Je ne reviendrai pas sur le budget général de l'Afitf, que vous a déjà présenté notre collègue Gérard Cornu. Je commence directement par les crédits du programme 203 « Infrastructures et services de transport » et j'évoquerai à cette occasion les fonds de concours prévisionnels de l'Afitf, tout en vous rappelant qu'il ne s'agit à ce stade que d'estimations, son budget définitif devant être adopté en décembre.
Pour le développement de nouvelles infrastructures routières, toutes les dépenses sont prises en charge par l'Afitf et les collectivités territoriales. Les fonds de concours correspondants sont évalués à 589 millions d'euros, 389 millions provenant de l'Afitf et 200 millions des collectivités territoriales.
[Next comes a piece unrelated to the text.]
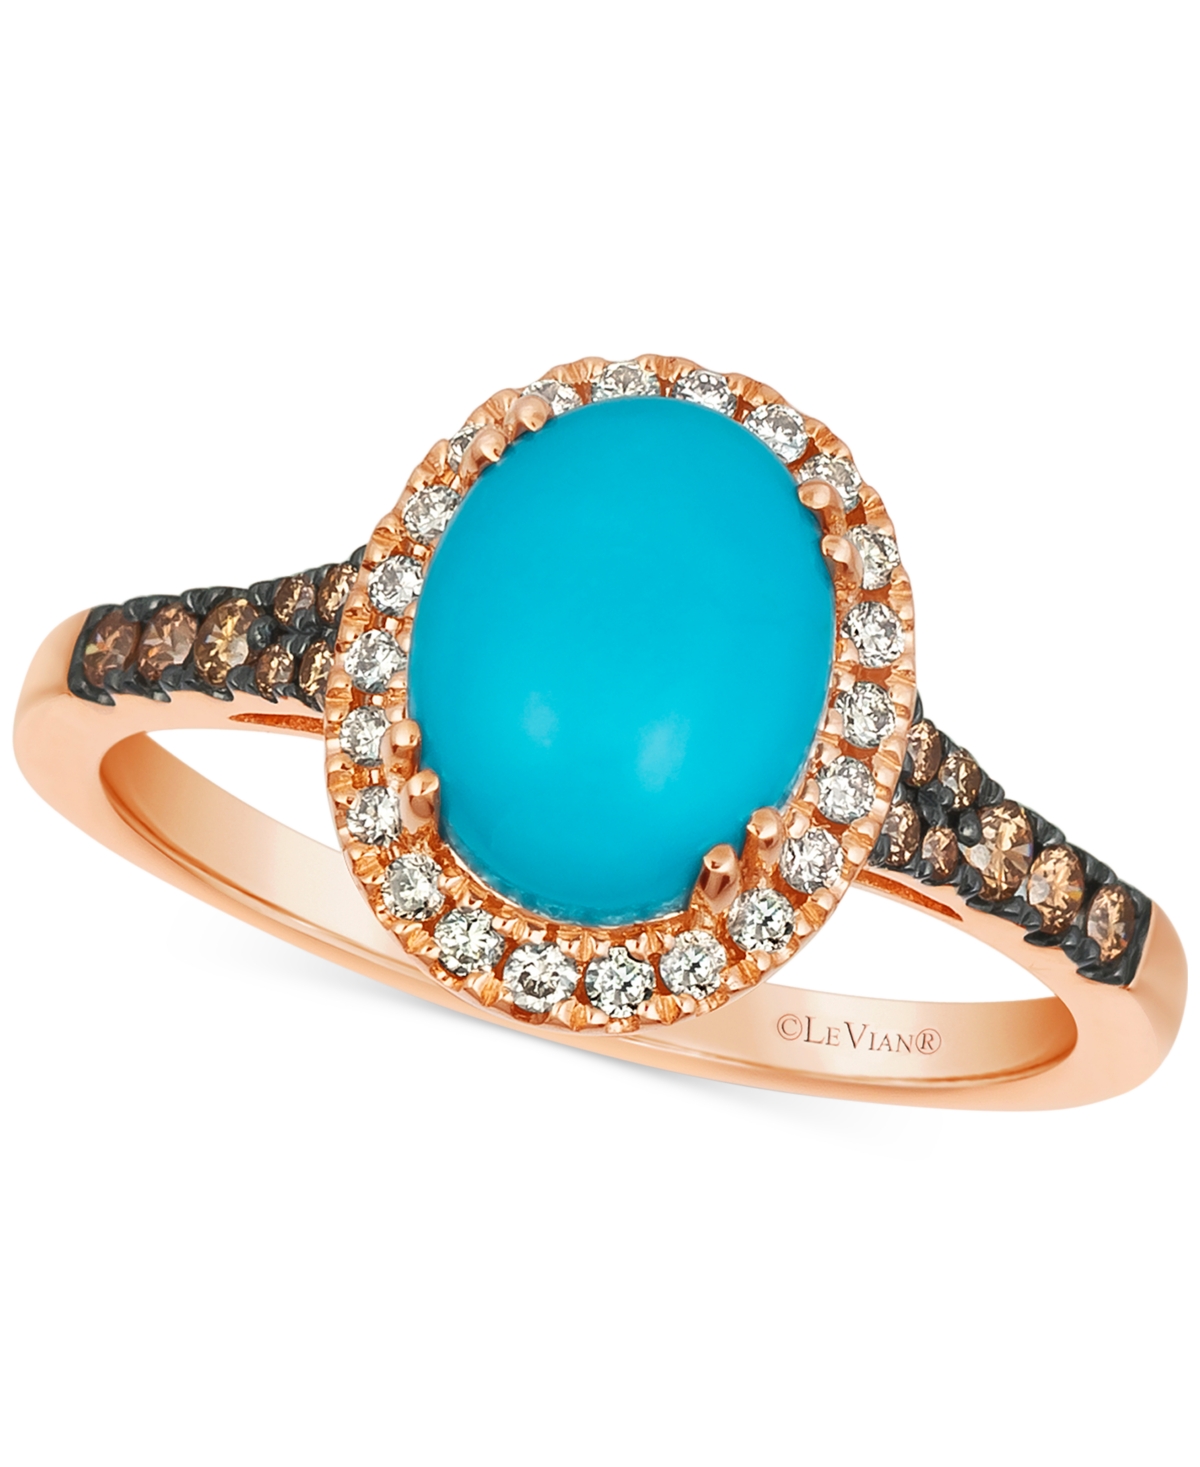 Le Vian Robins Egg Blue Turquoise (2 Ct. T.w.) & Diamond (1/3 Ct. T.w.) Halo Ring In 14k Rose Gold In K Rg

Pour l'entretien du réseau existant, 318 millions d'euros sont prévus, auxquels s'ajoutent 516 millions d'euros de fonds de concours, dont 496 millions de l'Afitf. En conséquence, la totalité des crédits affectés à l'exploitation et à l'entretien du réseau routier national, issus de l'État comme de fonds de concours, atteindrait 833 millions d'euros.
Ce montant confirme l'augmentation entamée l'année dernière, après plusieurs années de sous-investissement dans le réseau, ainsi que la priorité donnée par le Gouvernement à la modernisation des réseaux existants. Les sommes allouées à l'entretien et à la modernisation du réseau ont varié entre 610 et 670 millions d'euros entre 2011 et 2015, avant de passer à 743 millions en 2016, 680 millions en 2017, et 812 millions en 2018.
Ces années de sous-investissement se sont traduites par une détérioration de l'état de nos chaussées et ouvrages d'art. La proportion des chaussées en bon état structurel est passée de 85,4 % en 2011 à 82,2 % en 2016 et la note mesurant l'état général du réseau a diminué au cours de la même période, de 16,8 à 16,1.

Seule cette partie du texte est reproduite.